#### [PROBLEM TO SOLVE]
Your copy should contain exactly the lines from the start of the material through the line containing "Á hậu Diễm Trang", and no pictures.

#### [DATA SHOWN]
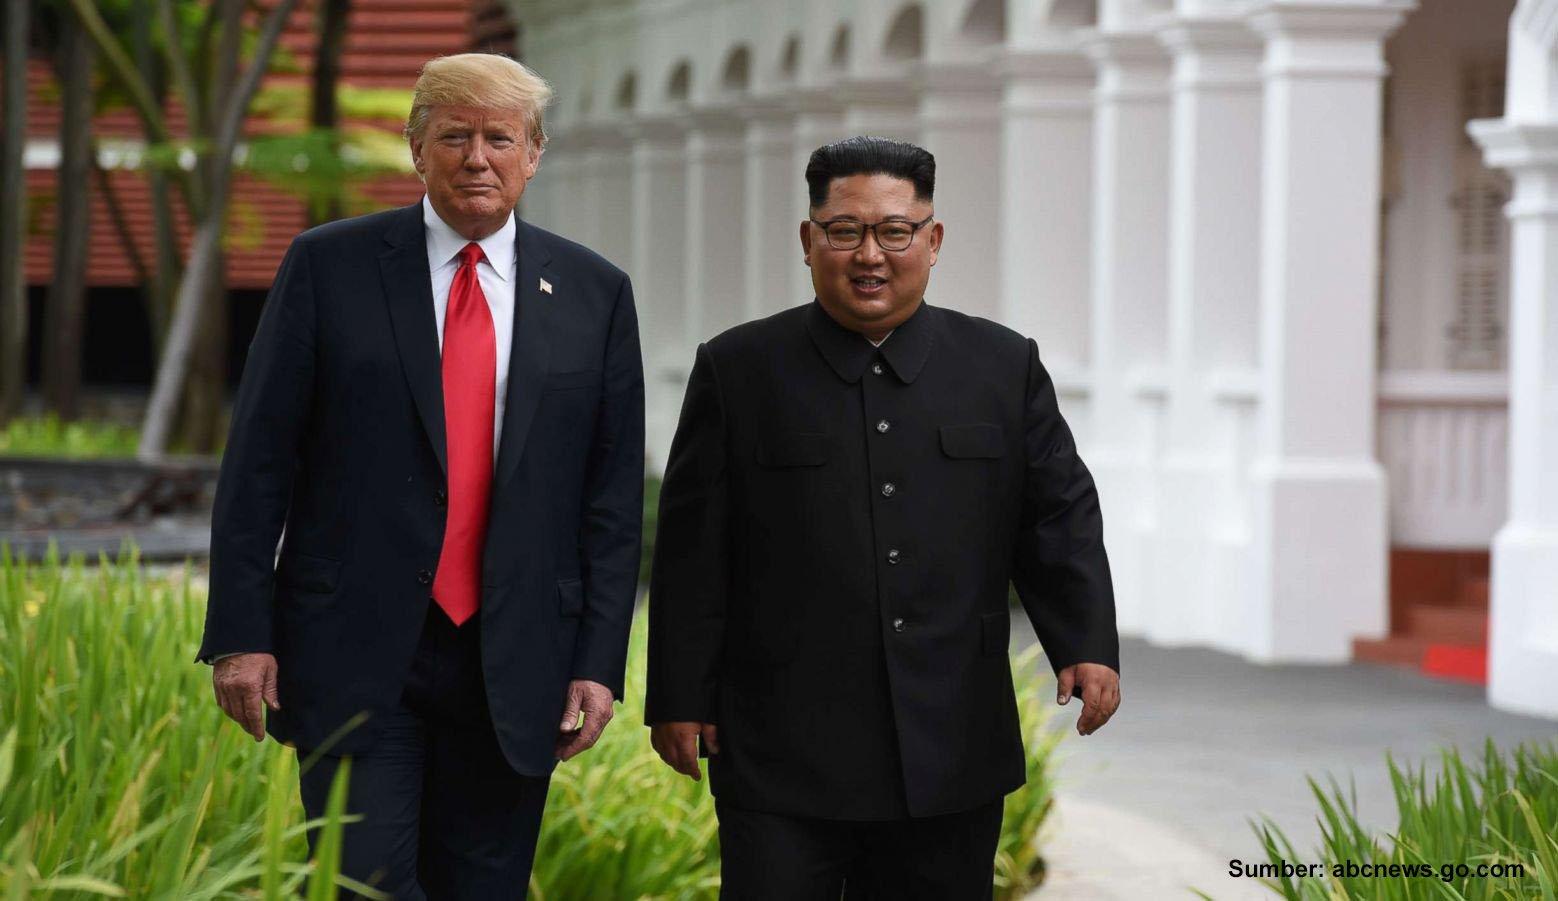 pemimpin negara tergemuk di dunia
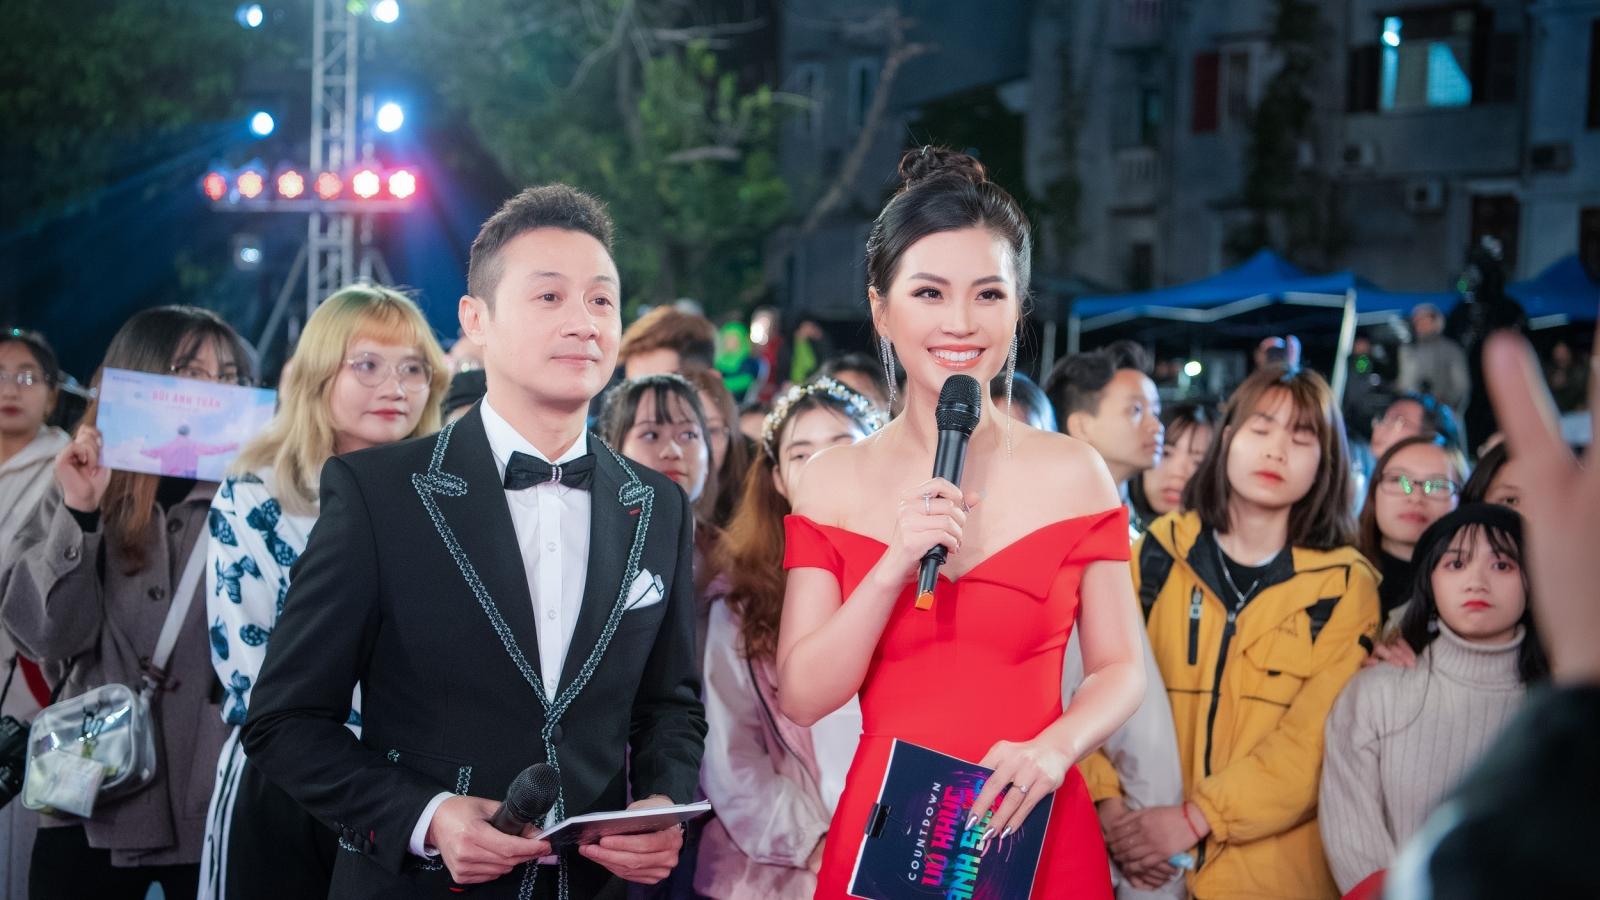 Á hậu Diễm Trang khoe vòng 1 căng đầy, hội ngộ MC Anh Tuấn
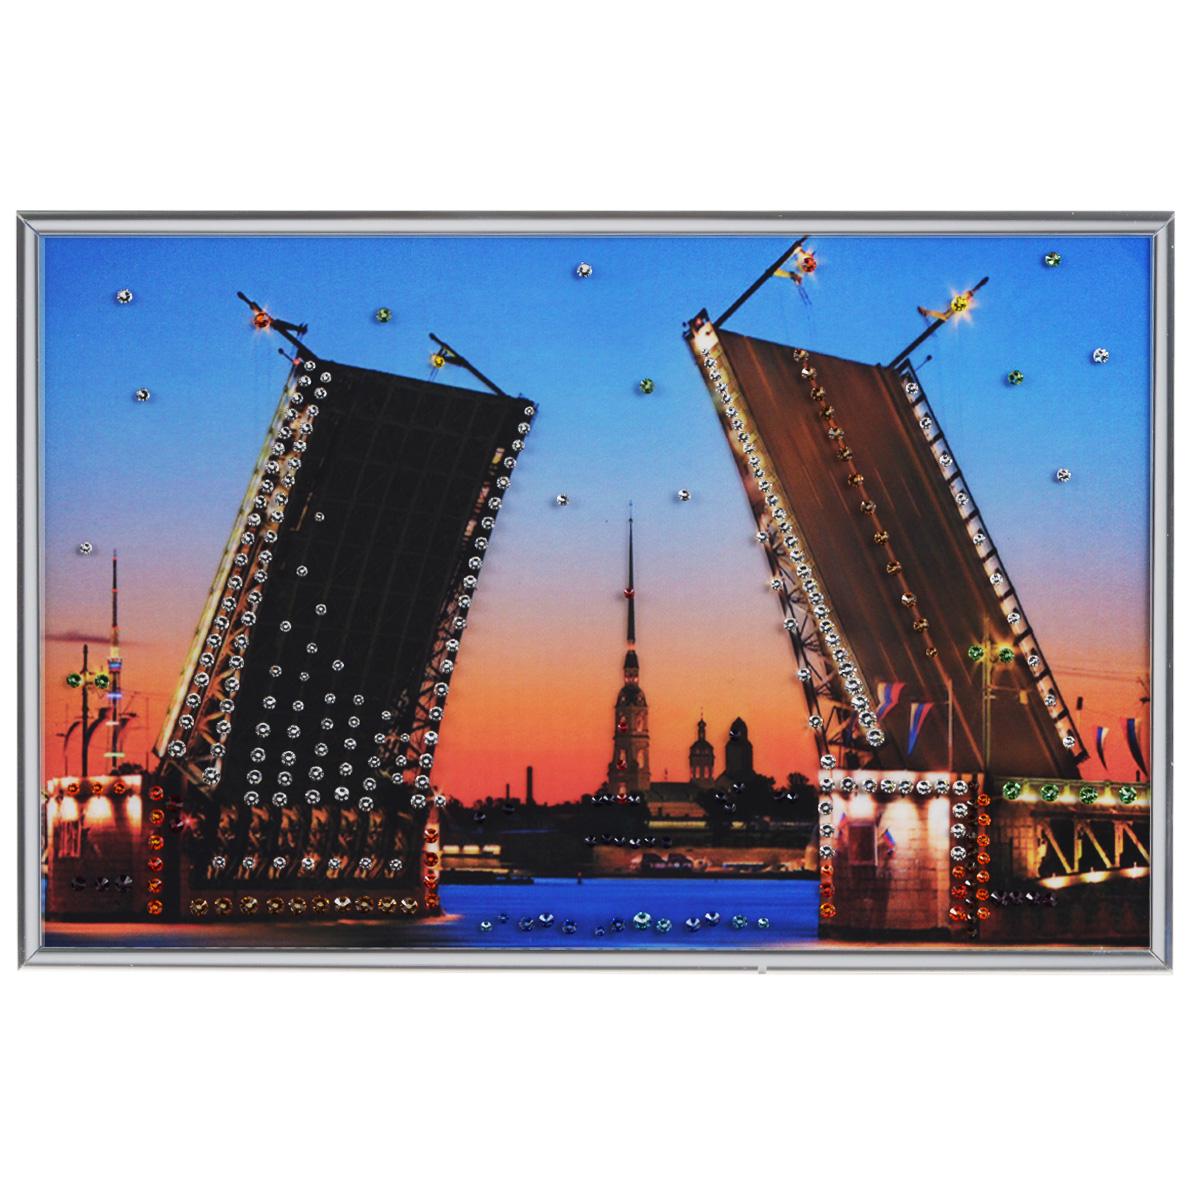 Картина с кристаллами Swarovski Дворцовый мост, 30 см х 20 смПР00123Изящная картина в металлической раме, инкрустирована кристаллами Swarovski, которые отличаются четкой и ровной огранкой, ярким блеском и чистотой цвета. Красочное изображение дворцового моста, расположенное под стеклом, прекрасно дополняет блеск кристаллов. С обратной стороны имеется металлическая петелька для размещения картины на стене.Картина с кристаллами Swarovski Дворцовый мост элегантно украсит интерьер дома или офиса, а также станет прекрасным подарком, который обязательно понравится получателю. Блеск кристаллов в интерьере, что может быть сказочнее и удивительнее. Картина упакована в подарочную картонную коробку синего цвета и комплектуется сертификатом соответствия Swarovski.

#### [RESULT]
 pemimpin negara tergemuk di dunia
 Á hậu Diễm Trang khoe vòng 1 căng đầy, hội ngộ MC Anh Tuấn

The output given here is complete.